▶ **Exercise brief**
Of the lines below, write out exactly those from the line with "20 Fun and Interesting" through the line with "Colonial Haagse School", both included, and skip the rest.

▶ **Data**
====

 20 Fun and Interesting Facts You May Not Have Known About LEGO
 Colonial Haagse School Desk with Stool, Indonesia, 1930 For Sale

====

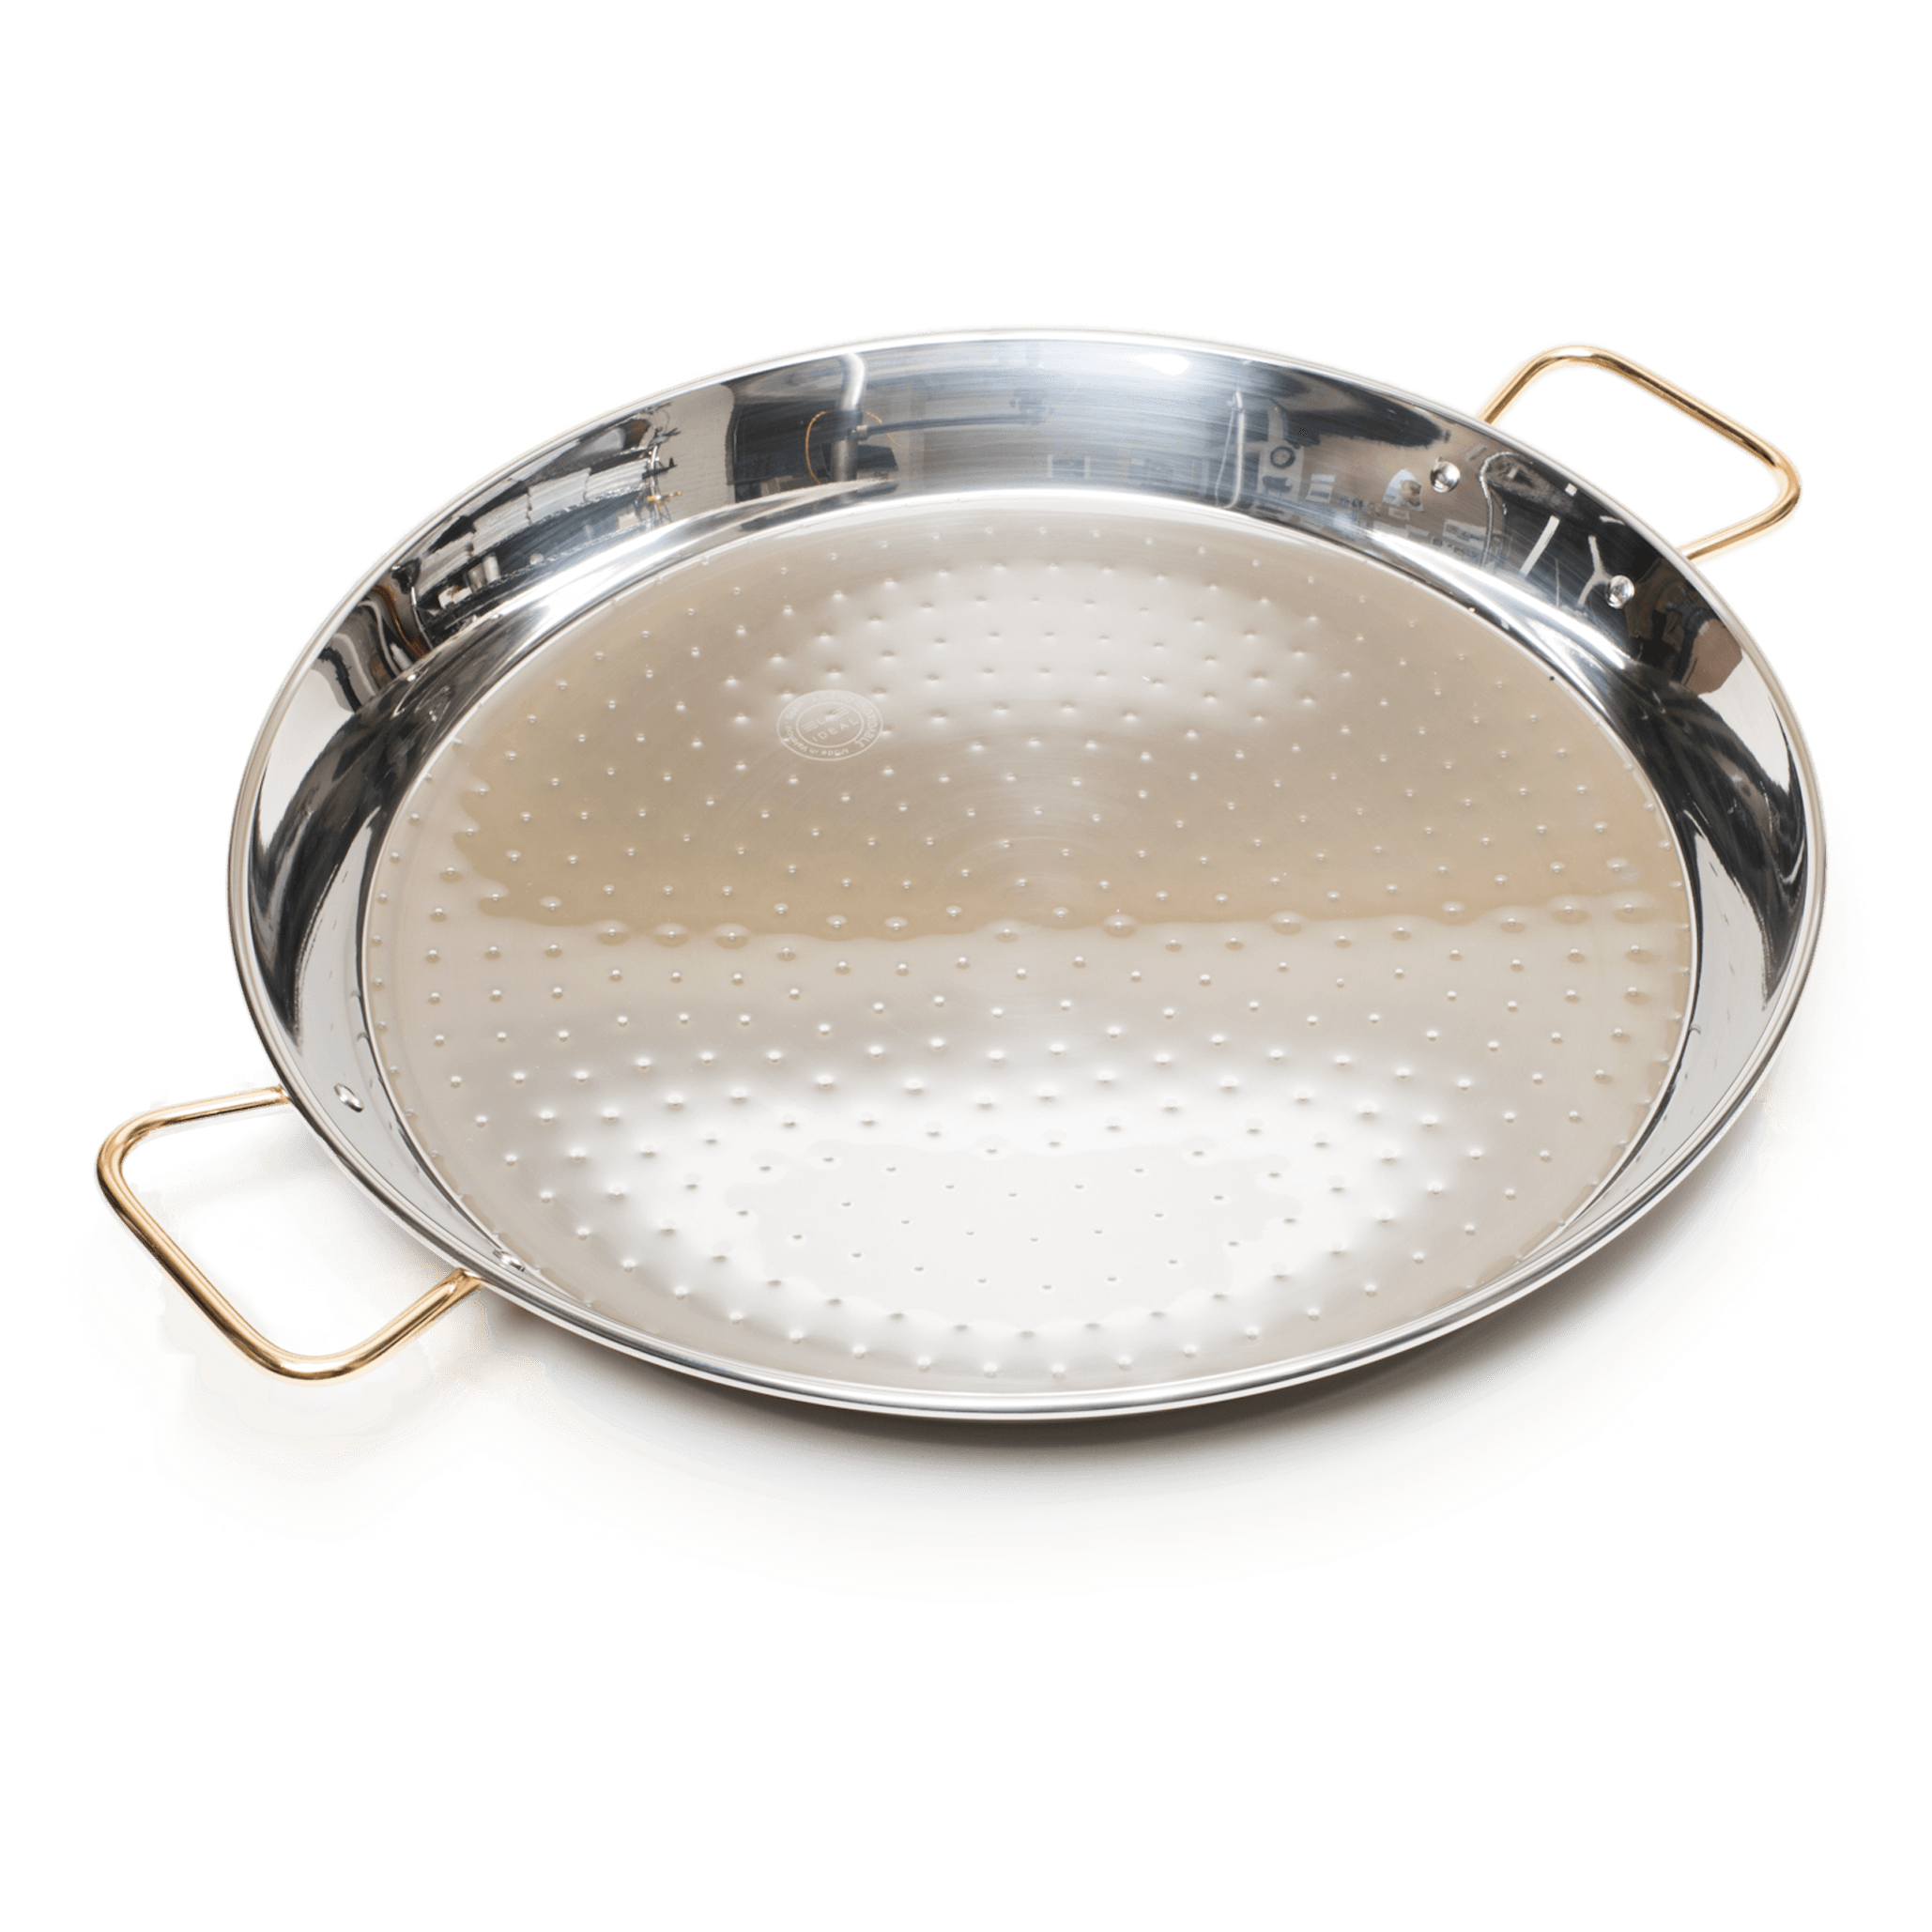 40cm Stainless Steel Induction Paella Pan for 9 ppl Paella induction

====

▶ **Result for this task**
 20 Fun and Interesting Facts You May Not Have Known About LEGO
 Colonial Haagse School Desk with Stool, Indonesia, 1930 For Sale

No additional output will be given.